An unaltered copy of the listing below is required.
>>>>
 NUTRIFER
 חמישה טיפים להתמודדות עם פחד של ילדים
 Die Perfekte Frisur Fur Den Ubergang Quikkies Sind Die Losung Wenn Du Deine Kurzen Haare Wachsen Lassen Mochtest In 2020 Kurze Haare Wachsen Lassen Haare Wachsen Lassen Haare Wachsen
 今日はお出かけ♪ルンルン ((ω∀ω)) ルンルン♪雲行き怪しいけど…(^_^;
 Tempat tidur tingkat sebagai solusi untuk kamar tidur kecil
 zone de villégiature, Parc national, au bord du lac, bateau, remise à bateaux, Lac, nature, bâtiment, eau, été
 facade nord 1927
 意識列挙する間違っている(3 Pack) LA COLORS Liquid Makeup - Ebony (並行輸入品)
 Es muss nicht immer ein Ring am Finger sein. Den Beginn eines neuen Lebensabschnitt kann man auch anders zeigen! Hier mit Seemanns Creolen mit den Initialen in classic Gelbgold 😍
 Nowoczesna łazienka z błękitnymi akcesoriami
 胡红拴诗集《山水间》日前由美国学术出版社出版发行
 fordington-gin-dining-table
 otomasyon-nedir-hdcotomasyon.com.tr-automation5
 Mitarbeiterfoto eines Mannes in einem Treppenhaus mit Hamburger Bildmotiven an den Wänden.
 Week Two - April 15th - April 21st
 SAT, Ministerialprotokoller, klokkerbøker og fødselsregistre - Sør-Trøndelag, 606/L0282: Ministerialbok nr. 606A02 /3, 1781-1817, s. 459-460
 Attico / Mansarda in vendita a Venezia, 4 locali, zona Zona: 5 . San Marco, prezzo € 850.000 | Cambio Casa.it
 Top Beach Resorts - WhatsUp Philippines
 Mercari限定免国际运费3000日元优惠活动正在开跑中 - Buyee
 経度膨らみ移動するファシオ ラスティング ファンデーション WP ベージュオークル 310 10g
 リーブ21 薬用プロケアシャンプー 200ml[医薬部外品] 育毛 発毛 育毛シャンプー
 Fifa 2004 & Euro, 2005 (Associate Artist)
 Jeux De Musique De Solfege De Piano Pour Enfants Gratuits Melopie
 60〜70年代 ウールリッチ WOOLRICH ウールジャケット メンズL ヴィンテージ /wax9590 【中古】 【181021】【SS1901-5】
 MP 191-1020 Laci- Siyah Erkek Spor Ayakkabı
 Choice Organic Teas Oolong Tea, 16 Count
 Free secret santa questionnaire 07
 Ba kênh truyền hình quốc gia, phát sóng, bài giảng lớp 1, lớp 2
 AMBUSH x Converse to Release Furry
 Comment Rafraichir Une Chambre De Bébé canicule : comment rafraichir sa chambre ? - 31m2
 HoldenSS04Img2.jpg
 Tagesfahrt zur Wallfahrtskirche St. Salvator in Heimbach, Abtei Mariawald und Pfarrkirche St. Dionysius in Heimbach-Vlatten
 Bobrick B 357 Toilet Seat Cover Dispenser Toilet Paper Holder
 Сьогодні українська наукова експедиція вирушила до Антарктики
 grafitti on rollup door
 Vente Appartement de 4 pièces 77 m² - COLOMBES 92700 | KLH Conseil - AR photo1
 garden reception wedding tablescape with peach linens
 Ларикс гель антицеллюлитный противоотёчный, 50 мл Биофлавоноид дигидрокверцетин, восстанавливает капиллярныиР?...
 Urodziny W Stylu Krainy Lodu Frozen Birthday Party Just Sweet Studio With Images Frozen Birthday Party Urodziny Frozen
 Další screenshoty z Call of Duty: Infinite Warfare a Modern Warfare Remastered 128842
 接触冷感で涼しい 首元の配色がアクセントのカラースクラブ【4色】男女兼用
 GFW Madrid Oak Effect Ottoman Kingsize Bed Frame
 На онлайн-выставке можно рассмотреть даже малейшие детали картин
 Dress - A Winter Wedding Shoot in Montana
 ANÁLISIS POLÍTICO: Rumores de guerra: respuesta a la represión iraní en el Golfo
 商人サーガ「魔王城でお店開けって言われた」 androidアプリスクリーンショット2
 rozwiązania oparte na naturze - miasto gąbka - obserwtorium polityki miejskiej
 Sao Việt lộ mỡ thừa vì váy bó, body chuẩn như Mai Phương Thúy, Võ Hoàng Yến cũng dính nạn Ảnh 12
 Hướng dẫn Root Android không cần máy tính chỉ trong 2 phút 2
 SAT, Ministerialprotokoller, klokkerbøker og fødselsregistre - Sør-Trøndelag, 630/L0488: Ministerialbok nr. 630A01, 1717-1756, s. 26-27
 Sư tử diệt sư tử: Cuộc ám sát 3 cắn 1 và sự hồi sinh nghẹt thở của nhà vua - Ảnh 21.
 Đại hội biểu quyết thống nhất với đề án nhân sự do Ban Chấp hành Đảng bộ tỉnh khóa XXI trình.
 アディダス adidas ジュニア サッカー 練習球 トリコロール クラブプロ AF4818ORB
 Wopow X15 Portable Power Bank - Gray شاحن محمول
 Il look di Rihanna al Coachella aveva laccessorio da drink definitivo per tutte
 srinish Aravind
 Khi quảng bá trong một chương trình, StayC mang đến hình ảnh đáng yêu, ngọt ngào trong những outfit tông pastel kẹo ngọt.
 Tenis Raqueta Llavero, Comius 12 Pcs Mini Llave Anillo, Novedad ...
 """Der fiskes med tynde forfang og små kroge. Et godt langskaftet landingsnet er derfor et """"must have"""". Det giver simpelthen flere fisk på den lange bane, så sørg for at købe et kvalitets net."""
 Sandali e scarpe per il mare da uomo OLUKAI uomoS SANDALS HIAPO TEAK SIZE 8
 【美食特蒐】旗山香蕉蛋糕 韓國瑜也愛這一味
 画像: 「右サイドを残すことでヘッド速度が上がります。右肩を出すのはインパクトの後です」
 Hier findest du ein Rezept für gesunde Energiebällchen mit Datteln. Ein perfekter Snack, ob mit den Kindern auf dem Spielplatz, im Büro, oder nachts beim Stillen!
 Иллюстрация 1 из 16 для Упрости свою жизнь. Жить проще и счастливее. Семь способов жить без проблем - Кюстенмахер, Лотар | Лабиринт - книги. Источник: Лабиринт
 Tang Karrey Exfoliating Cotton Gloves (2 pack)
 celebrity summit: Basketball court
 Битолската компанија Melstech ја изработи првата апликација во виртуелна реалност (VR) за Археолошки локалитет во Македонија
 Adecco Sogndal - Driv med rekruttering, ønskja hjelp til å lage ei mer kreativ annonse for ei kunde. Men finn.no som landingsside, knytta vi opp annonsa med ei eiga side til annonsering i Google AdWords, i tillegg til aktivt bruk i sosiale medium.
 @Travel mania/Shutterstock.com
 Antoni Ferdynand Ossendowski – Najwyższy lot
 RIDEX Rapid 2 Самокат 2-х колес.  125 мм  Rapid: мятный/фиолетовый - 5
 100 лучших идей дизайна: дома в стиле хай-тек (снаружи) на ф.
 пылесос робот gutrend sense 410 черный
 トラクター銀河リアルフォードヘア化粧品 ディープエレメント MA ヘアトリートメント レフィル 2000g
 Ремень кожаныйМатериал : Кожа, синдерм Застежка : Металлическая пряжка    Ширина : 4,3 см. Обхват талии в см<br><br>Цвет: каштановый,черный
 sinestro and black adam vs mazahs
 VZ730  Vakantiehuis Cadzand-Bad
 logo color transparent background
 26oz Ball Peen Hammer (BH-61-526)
<<<<
- Solution for this exercise:
 NUTRIFER
 חמישה טיפים להתמודדות עם פחד של ילדים
 Die Perfekte Frisur Fur Den Ubergang Quikkies Sind Die Losung Wenn Du Deine Kurzen Haare Wachsen Lassen Mochtest In 2020 Kurze Haare Wachsen Lassen Haare Wachsen Lassen Haare Wachsen
 今日はお出かけ♪ルンルン ((ω∀ω)) ルンルン♪雲行き怪しいけど…(^_^;
 Tempat tidur tingkat sebagai solusi untuk kamar tidur kecil
 zone de villégiature, Parc national, au bord du lac, bateau, remise à bateaux, Lac, nature, bâtiment, eau, été
 facade nord 1927
 意識列挙する間違っている(3 Pack) LA COLORS Liquid Makeup - Ebony (並行輸入品)
 Es muss nicht immer ein Ring am Finger sein. Den Beginn eines neuen Lebensabschnitt kann man auch anders zeigen! Hier mit Seemanns Creolen mit den Initialen in classic Gelbgold 😍
 Nowoczesna łazienka z błękitnymi akcesoriami
 胡红拴诗集《山水间》日前由美国学术出版社出版发行
 fordington-gin-dining-table
 otomasyon-nedir-hdcotomasyon.com.tr-automation5
 Mitarbeiterfoto eines Mannes in einem Treppenhaus mit Hamburger Bildmotiven an den Wänden.
 Week Two - April 15th - April 21st
 SAT, Ministerialprotokoller, klokkerbøker og fødselsregistre - Sør-Trøndelag, 606/L0282: Ministerialbok nr. 606A02 /3, 1781-1817, s. 459-460
 Attico / Mansarda in vendita a Venezia, 4 locali, zona Zona: 5 . San Marco, prezzo € 850.000 | Cambio Casa.it
 Top Beach Resorts - WhatsUp Philippines
 Mercari限定免国际运费3000日元优惠活动正在开跑中 - Buyee
 経度膨らみ移動するファシオ ラスティング ファンデーション WP ベージュオークル 310 10g
 リーブ21 薬用プロケアシャンプー 200ml[医薬部外品] 育毛 発毛 育毛シャンプー
 Fifa 2004 & Euro, 2005 (Associate Artist)
 Jeux De Musique De Solfege De Piano Pour Enfants Gratuits Melopie
 60〜70年代 ウールリッチ WOOLRICH ウールジャケット メンズL ヴィンテージ /wax9590 【中古】 【181021】【SS1901-5】
 MP 191-1020 Laci- Siyah Erkek Spor Ayakkabı
 Choice Organic Teas Oolong Tea, 16 Count
 Free secret santa questionnaire 07
 Ba kênh truyền hình quốc gia, phát sóng, bài giảng lớp 1, lớp 2
 AMBUSH x Converse to Release Furry
 Comment Rafraichir Une Chambre De Bébé canicule : comment rafraichir sa chambre ? - 31m2
 HoldenSS04Img2.jpg
 Tagesfahrt zur Wallfahrtskirche St. Salvator in Heimbach, Abtei Mariawald und Pfarrkirche St. Dionysius in Heimbach-Vlatten
 Bobrick B 357 Toilet Seat Cover Dispenser Toilet Paper Holder
 Сьогодні українська наукова експедиція вирушила до Антарктики
 grafitti on rollup door
 Vente Appartement de 4 pièces 77 m² - COLOMBES 92700 | KLH Conseil - AR photo1
 garden reception wedding tablescape with peach linens
 Ларикс гель антицеллюлитный противоотёчный, 50 мл Биофлавоноид дигидрокверцетин, восстанавливает капиллярныиР?...
 Urodziny W Stylu Krainy Lodu Frozen Birthday Party Just Sweet Studio With Images Frozen Birthday Party Urodziny Frozen
 Další screenshoty z Call of Duty: Infinite Warfare a Modern Warfare Remastered 128842
 接触冷感で涼しい 首元の配色がアクセントのカラースクラブ【4色】男女兼用
 GFW Madrid Oak Effect Ottoman Kingsize Bed Frame
 На онлайн-выставке можно рассмотреть даже малейшие детали картин
 Dress - A Winter Wedding Shoot in Montana
 ANÁLISIS POLÍTICO: Rumores de guerra: respuesta a la represión iraní en el Golfo
 商人サーガ「魔王城でお店開けって言われた」 androidアプリスクリーンショット2
 rozwiązania oparte na naturze - miasto gąbka - obserwtorium polityki miejskiej
 Sao Việt lộ mỡ thừa vì váy bó, body chuẩn như Mai Phương Thúy, Võ Hoàng Yến cũng dính nạn Ảnh 12
 Hướng dẫn Root Android không cần máy tính chỉ trong 2 phút 2
 SAT, Ministerialprotokoller, klokkerbøker og fødselsregistre - Sør-Trøndelag, 630/L0488: Ministerialbok nr. 630A01, 1717-1756, s. 26-27
 Sư tử diệt sư tử: Cuộc ám sát 3 cắn 1 và sự hồi sinh nghẹt thở của nhà vua - Ảnh 21.
 Đại hội biểu quyết thống nhất với đề án nhân sự do Ban Chấp hành Đảng bộ tỉnh khóa XXI trình.
 アディダス adidas ジュニア サッカー 練習球 トリコロール クラブプロ AF4818ORB
 Wopow X15 Portable Power Bank - Gray شاحن محمول
 Il look di Rihanna al Coachella aveva laccessorio da drink definitivo per tutte
 srinish Aravind
 Khi quảng bá trong một chương trình, StayC mang đến hình ảnh đáng yêu, ngọt ngào trong những outfit tông pastel kẹo ngọt.
 Tenis Raqueta Llavero, Comius 12 Pcs Mini Llave Anillo, Novedad ...
 """Der fiskes med tynde forfang og små kroge. Et godt langskaftet landingsnet er derfor et """"must have"""". Det giver simpelthen flere fisk på den lange bane, så sørg for at købe et kvalitets net."""
 Sandali e scarpe per il mare da uomo OLUKAI uomoS SANDALS HIAPO TEAK SIZE 8
 【美食特蒐】旗山香蕉蛋糕 韓國瑜也愛這一味
 画像: 「右サイドを残すことでヘッド速度が上がります。右肩を出すのはインパクトの後です」
 Hier findest du ein Rezept für gesunde Energiebällchen mit Datteln. Ein perfekter Snack, ob mit den Kindern auf dem Spielplatz, im Büro, oder nachts beim Stillen!
 Иллюстрация 1 из 16 для Упрости свою жизнь. Жить проще и счастливее. Семь способов жить без проблем - Кюстенмахер, Лотар | Лабиринт - книги. Источник: Лабиринт
 Tang Karrey Exfoliating Cotton Gloves (2 pack)
 celebrity summit: Basketball court
 Битолската компанија Melstech ја изработи првата апликација во виртуелна реалност (VR) за Археолошки локалитет во Македонија
 Adecco Sogndal - Driv med rekruttering, ønskja hjelp til å lage ei mer kreativ annonse for ei kunde. Men finn.no som landingsside, knytta vi opp annonsa med ei eiga side til annonsering i Google AdWords, i tillegg til aktivt bruk i sosiale medium.
 @Travel mania/Shutterstock.com
 Antoni Ferdynand Ossendowski – Najwyższy lot
 RIDEX Rapid 2 Самокат 2-х колес.  125 мм  Rapid: мятный/фиолетовый - 5
 100 лучших идей дизайна: дома в стиле хай-тек (снаружи) на ф.
 пылесос робот gutrend sense 410 черный
 トラクター銀河リアルフォードヘア化粧品 ディープエレメント MA ヘアトリートメント レフィル 2000g
 Ремень кожаныйМатериал : Кожа, синдерм Застежка : Металлическая пряжка    Ширина : 4,3 см. Обхват талии в см<br><br>Цвет: каштановый,черный
 sinestro and black adam vs mazahs
 VZ730  Vakantiehuis Cadzand-Bad
 logo color transparent background
 26oz Ball Peen Hammer (BH-61-526)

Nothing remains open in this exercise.